What to do: Each line from the one with "El Norte newspaper" to the final line of the data must be reproduced exactly, and no other line may appear.

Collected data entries

********

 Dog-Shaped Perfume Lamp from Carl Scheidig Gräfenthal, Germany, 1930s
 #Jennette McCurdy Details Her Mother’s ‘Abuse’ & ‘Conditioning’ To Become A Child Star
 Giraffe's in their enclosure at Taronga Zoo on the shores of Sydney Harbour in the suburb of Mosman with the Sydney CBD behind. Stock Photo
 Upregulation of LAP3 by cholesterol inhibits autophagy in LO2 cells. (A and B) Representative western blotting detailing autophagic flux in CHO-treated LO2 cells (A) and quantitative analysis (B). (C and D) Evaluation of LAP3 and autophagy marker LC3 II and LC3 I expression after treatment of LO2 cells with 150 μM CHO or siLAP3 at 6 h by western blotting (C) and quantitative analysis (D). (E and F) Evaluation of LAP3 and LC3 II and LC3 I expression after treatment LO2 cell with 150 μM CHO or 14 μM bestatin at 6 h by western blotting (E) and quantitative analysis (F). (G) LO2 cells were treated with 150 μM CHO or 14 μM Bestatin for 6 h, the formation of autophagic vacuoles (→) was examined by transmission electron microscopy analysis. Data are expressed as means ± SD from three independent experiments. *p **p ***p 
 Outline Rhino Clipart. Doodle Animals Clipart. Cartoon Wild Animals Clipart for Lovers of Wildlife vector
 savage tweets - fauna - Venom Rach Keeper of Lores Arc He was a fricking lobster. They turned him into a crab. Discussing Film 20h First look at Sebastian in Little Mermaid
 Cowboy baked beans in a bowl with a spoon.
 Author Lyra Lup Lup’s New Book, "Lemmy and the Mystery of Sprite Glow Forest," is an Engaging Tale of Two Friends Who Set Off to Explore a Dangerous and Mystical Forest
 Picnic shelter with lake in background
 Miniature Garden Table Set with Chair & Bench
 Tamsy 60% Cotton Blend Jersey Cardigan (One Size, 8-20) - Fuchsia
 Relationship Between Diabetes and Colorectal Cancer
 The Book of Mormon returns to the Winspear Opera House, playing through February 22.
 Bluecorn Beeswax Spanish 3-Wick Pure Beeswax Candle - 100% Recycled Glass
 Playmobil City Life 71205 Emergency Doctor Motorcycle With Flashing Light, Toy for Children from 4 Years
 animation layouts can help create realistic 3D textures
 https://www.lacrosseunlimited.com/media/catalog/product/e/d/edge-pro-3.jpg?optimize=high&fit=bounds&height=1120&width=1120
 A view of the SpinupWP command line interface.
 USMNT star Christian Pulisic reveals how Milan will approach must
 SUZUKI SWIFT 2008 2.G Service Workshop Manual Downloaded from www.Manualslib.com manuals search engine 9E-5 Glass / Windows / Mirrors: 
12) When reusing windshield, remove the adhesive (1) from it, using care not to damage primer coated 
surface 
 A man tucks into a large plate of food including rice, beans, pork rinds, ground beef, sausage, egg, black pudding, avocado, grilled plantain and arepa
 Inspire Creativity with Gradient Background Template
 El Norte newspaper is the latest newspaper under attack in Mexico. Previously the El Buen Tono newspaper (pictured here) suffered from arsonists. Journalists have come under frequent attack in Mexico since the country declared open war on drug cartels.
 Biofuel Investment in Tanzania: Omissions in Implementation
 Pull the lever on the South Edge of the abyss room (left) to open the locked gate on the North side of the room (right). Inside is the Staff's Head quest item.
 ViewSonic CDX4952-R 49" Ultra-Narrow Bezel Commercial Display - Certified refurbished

********

Response to the task:
 El Norte newspaper is the latest newspaper under attack in Mexico. Previously the El Buen Tono newspaper (pictured here) suffered from arsonists. Journalists have come under frequent attack in Mexico since the country declared open war on drug cartels.
 Biofuel Investment in Tanzania: Omissions in Implementation
 Pull the lever on the South Edge of the abyss room (left) to open the locked gate on the North side of the room (right). Inside is the Staff's Head quest item.
 ViewSonic CDX4952-R 49" Ultra-Narrow Bezel Commercial Display - Certified refurbished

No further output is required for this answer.